Except it’s not easy to write about one’s intimate life without sounding mushy. Mara Tremblay, Julie Doiron and Michel Rivard all pulled it off. How did Dany deal with it? “I couldn’t have pulled it off 7 or 8 years ago. I’m 36 now, and life’s been good over the last 2 years, everyone tells me that I look happier and more serene than before, and they are right about that. So, since I felt ready to write about it, the process wasn’t hard at all. ‘Sarah’, ‘Robin’, ‘Lucky Luke’…: I wrote those songs with the utmost respect for the people I love. The thing is, they’re not always easy to sing. I was doing a showcase during a ROSEQ tour not long ago, and I almost started crying when I started to sing ‘Lucky Luke’… I guess I’ll get over it sooner or later!”

So, musically, it’s a return to a more organic and sensitive folk, which by no means signifies that it is stripped down. He tapped his usual accomplices and also surrounded himself with the dulcet tones of Les Sœurs Boulay, and the result is music that is firmly steeped in the wake of his masters’ work, Dylan and Neil Young, who Dany says he’s listened to a lot during those last 2 years. A few tips of the hat to his old band – Plywood ¾ – can also be heard, mostly in the use of a brass section. The harmonica is used to its full melancholy effect and the pedal steel wraps listeners in its languor. Here and there, a few rockier passages remind us of the artist’s Saguenay roots. Straightforward guitars that exorcise the album’s title’s “green demon”, a personal demon that he bumped into in a hallway in the wee hours of the morning.
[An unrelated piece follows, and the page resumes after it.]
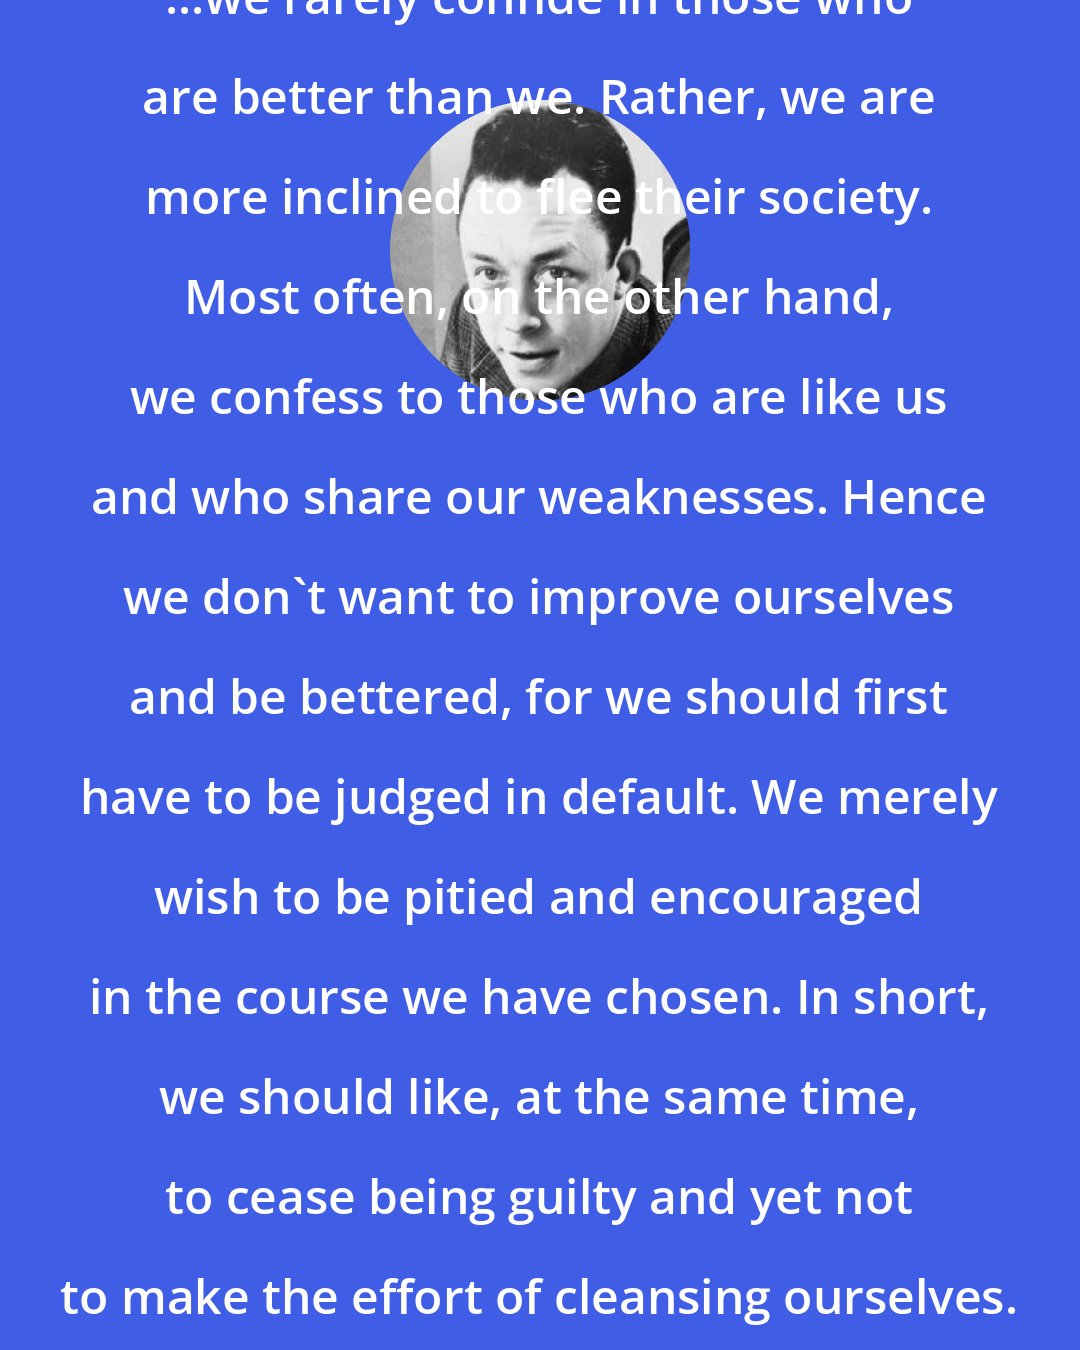 Albert Camus: ...we rarely confide in those who are better than we. Rather, we are more inclined to flee their society. Most often, on the other hand, we confess to those who are like us and who share our weaknesses. Hence we don't want to improve ourselves and be bettered, for we should first have to be judged in default. We merely wish to be pitied and encouraged in the course we have chosen. In short, we should like, at the same time, to cease being guilty and yet not to make the effort of cleansing ourselves.

One would be remiss to not mention “Parc’qui m’fallait”, a major song on this album and – let’s not mince words – in all of his repertoire. The song is about his relationship with creation and an artistic lifestyle and the ideals and frustrations that entails. It is at once a self-affirmation and a protest song: Placard bears all. “It’s the first song that came to me. I had to get it out of my system. I wrote the previous album expressly so that its song could play on the radio. It was a lengthy and complex creation process that I didn’t really enjoy. Plus, back then, radios all but completely stopped playing Francophone rock, so I kinda missed the boat on that one… As a reaction to all that, I gave myself full creative freedom for this new album. Raw Dany Placard, that’s what I like to do.”

A former cabinetmaker turned director (domlebo, Chantal Archambault, Francis Faubert, Louis-Philippe Gingras, Tire le coyote), Dany Placard sings about our relationship to money on “Parc’qui m’fallait”. “I was having this discussion with somebody rich, and they told me: ‘You live the good life, all you do is get drunk with your friends on weekends.” But when I told them what I earned in a year, he told me to give it up, that I made no sense… And I won’t quit, because it’s what I like doing the most in life. In that song, I open myself up with regards to what I do in life and the lifestyle I have. It is quite a somber song, even negative at times, but it ends well: with love. It was a first for me, exposing myself to such an extent. Even more personal songs came to me after that one, as if ‘Parc’qui m’fallait’ had opened a portal to a new dimension,” reveals the young ma who says he’s inspired by the careers of Louis-Jean Cormier, Julien Mineau and Olivier Langevin.

This honest and uncompromising voice will no doubt still be present on albums that are currently incubating. The “Printemps érable” gave rise to something that years to bloom, to be said, to be sung. We have not yet heard the last from Mister Placard. Thankfully.